July 2021 will go down in history as the moment when many Belgians became climate refugees in their own country. These terrible floods left thousands of households homeless. A significant proportion of these were uninsured and literally lost everything. Even for those who are covered by insurance, it will take many months or even years to recover some of what they have lost.
Whatever the natural or political causes of these disasters, thousands of our compatriots are now homeless. During the first days, their situation makes the headlines, solidarity is organized, sometimes visible, often discreet. But in a month, in six months, the cameras will turn away, the spontaneous solidarity will fade away... while for many of the victims, the situation will still not be restored.
At Street Nurses we know that when precariousness sets in, it becomes very difficult to get out. For many of our patients, the "fall" into the street is linked to one or more accidents in their lives from which they were unable to recover immediately. Once misery has set in, it takes hold. It is therefore necessary to quickly help all these victims to find a new home, otherwise this temporary situation could become permanent for some of them.
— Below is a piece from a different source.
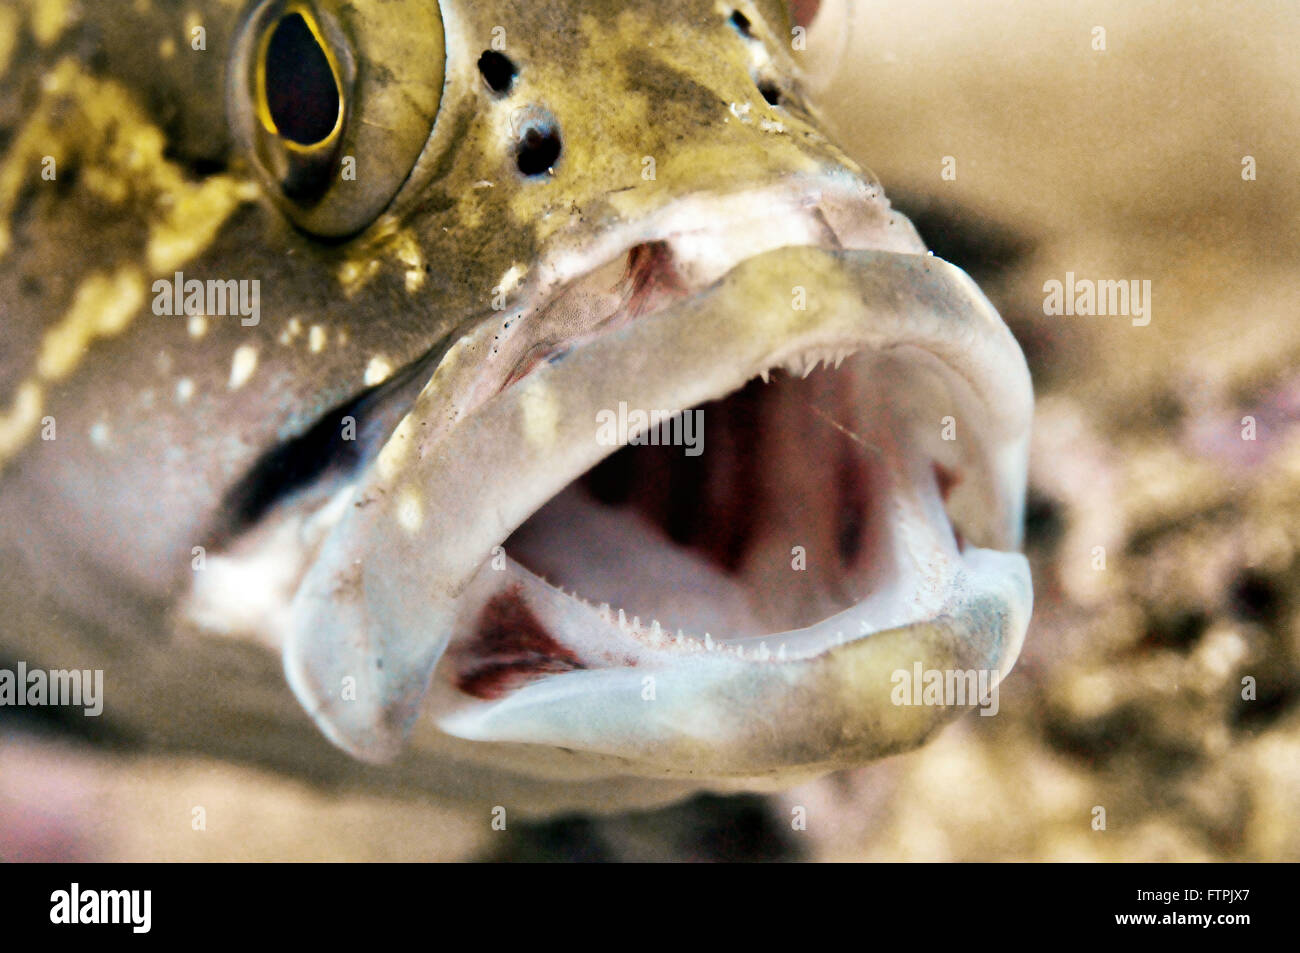 Unterwasser-Bilder auf die brasilianische Küste - Grouper - Marginata Mycteroperca Stockfoto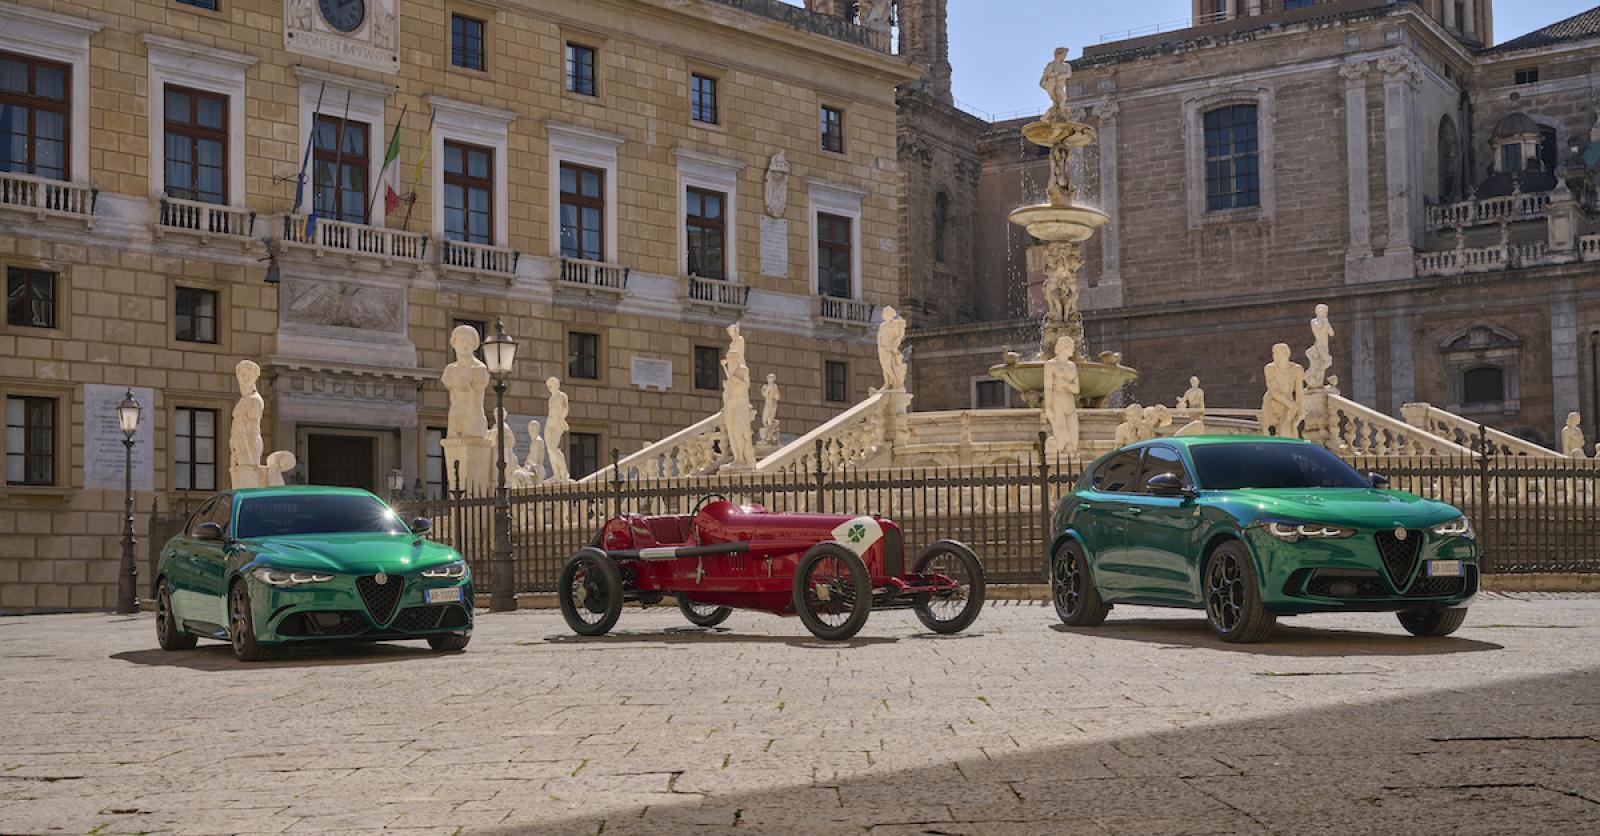 Alfa Romeo celebrates the 100th anniversary of the Quadrifoglio

In his book “Who killed my father”, the French writer Edouard Louis recounts how a series of political decisions gradually deprived his father of necessary care following a serious work accident, ultimately leading to his death: "Among those who have everything, I have never seen a family go to the sea to celebrate a political decision, because for them politics changes almost nothing. (...) For the dominant ones, politics is usually an aesthetic question: a way of thinking, a way of seeing the world, of building one's person. For us, it was live or die."
Faced with this terrible "blow of fate," the July victims have a vital need for collective action, now. Otherwise, they will join the ranks of the excluded, those who are outside.